__Exercise details__:
Every line below should come back exactly as written, though the pictures stay out.

++++ Information shown ++++

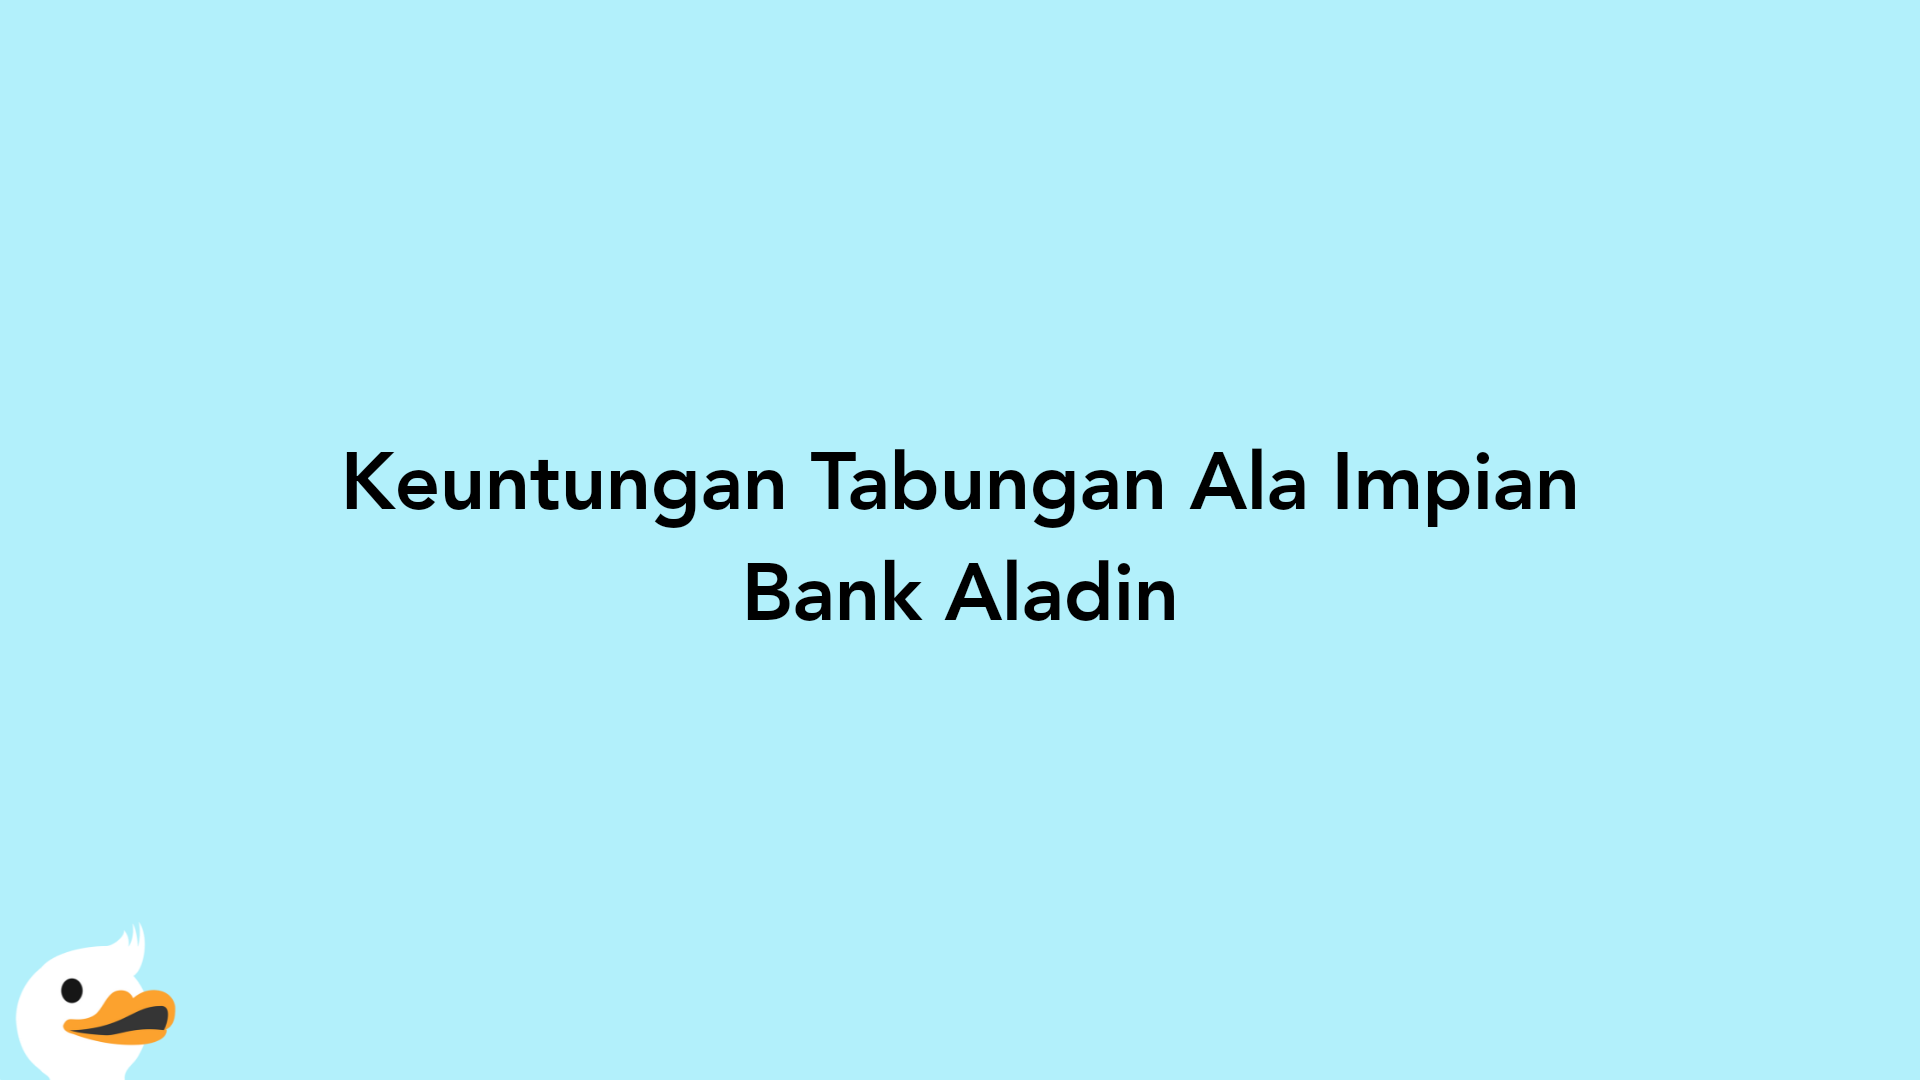 Keuntungan Tabungan Ala Impian Bank Aladin
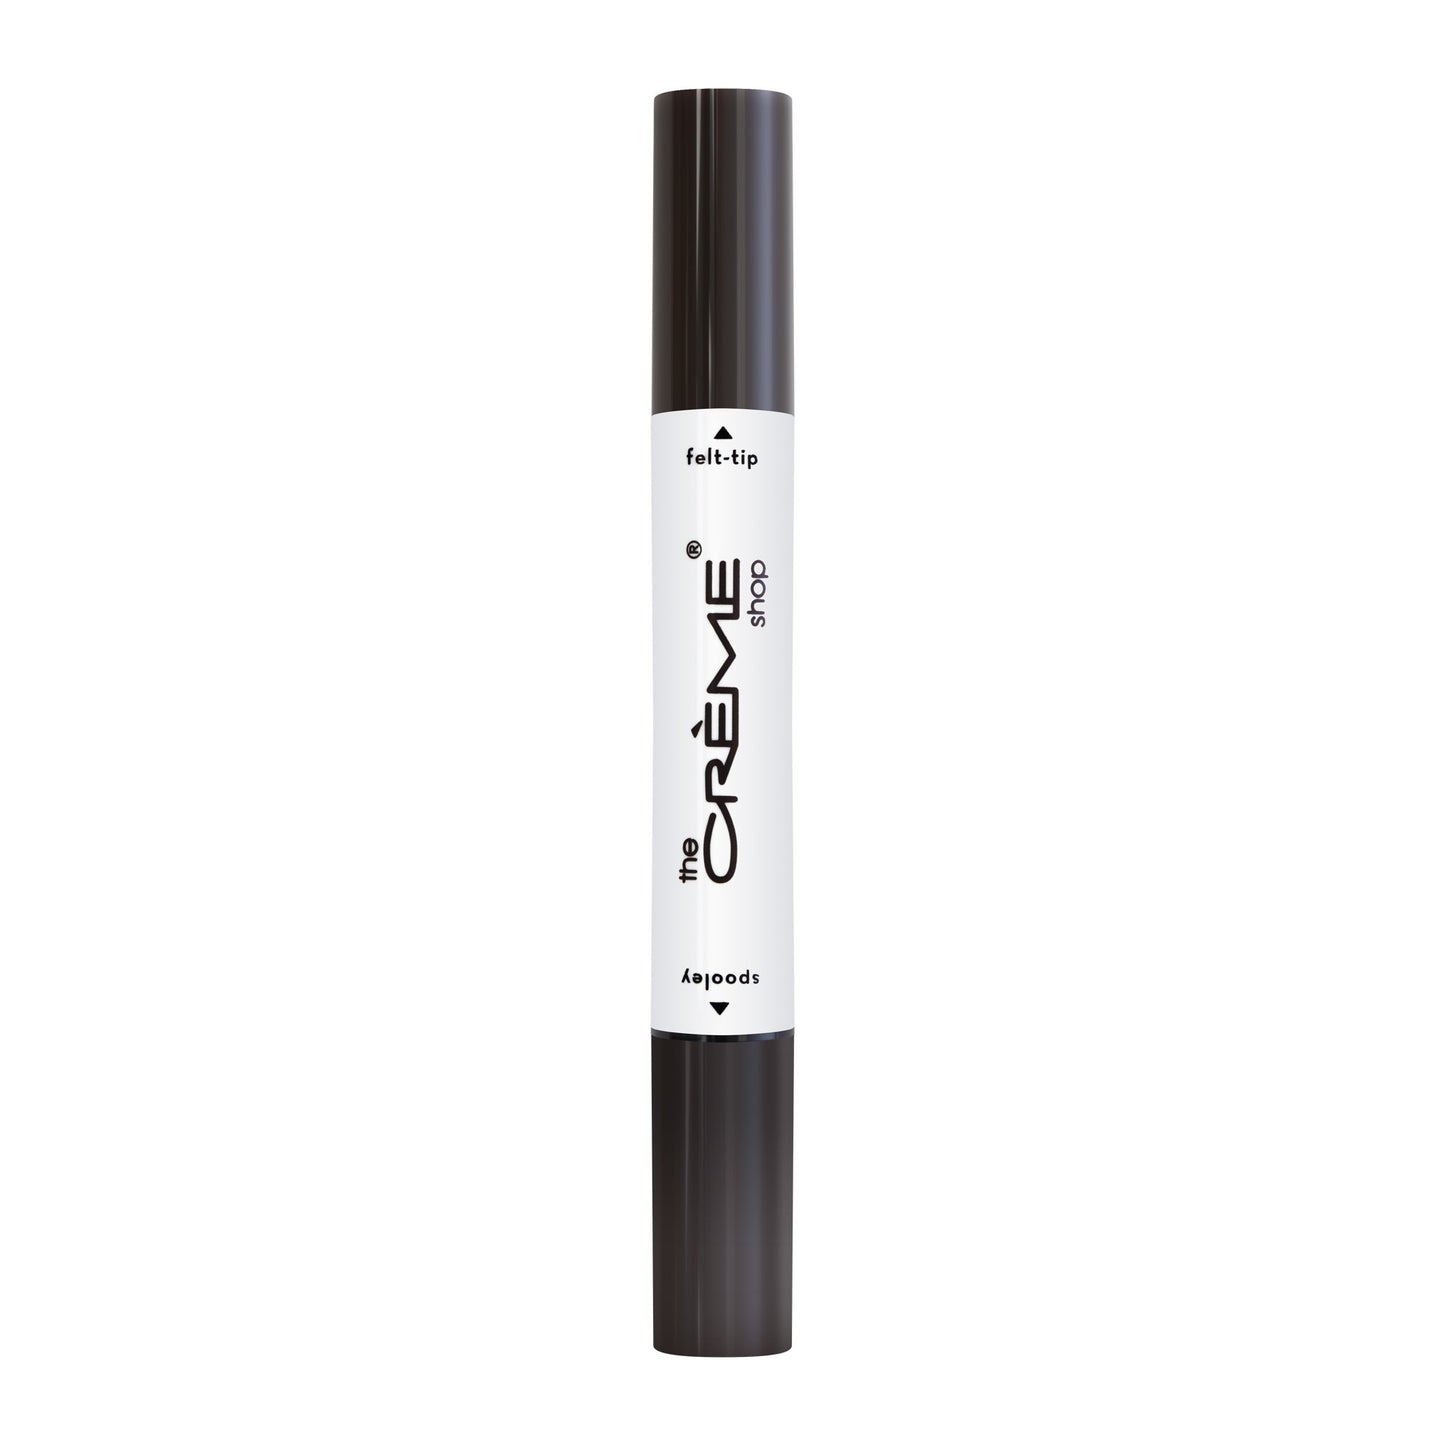 BIG Brow Marker | 2-In-1 Felt-Tip Brow Pen & Spooley Brow Pen The Crème Shop Dark (Big) 
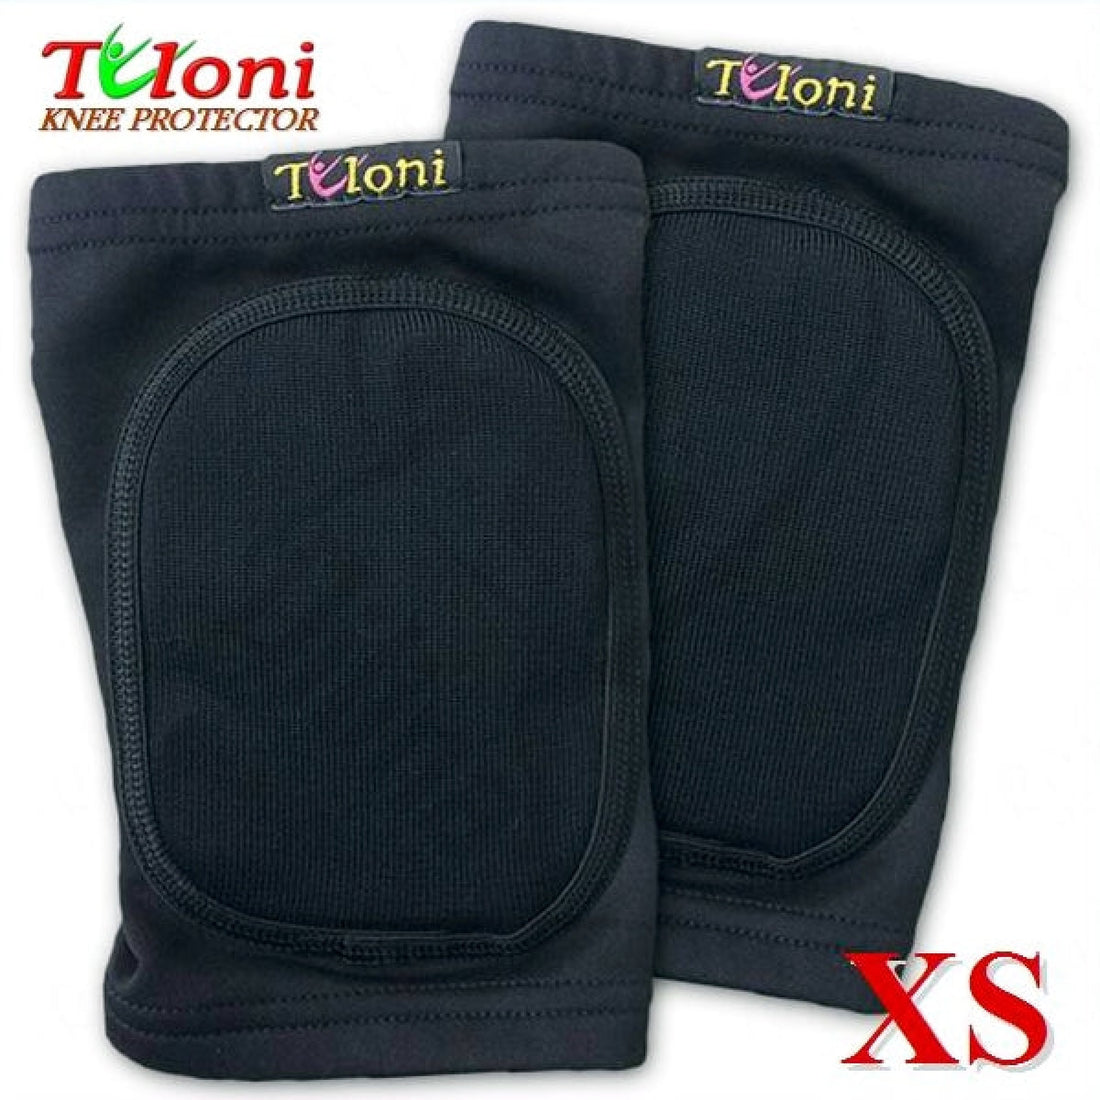 Tuloni Knee Protector Mod. T0131 Xs (4-8 Years) Protectors

++++

__Final answer__:
 Keuntungan Tabungan Ala Impian Bank Aladin
 BIG Brow Marker | 2-In-1 Felt-Tip Brow Pen & Spooley Brow Pen The Crème Shop Dark (Big) 
 Tuloni Knee Protector Mod. T0131 Xs (4-8 Years) Protectors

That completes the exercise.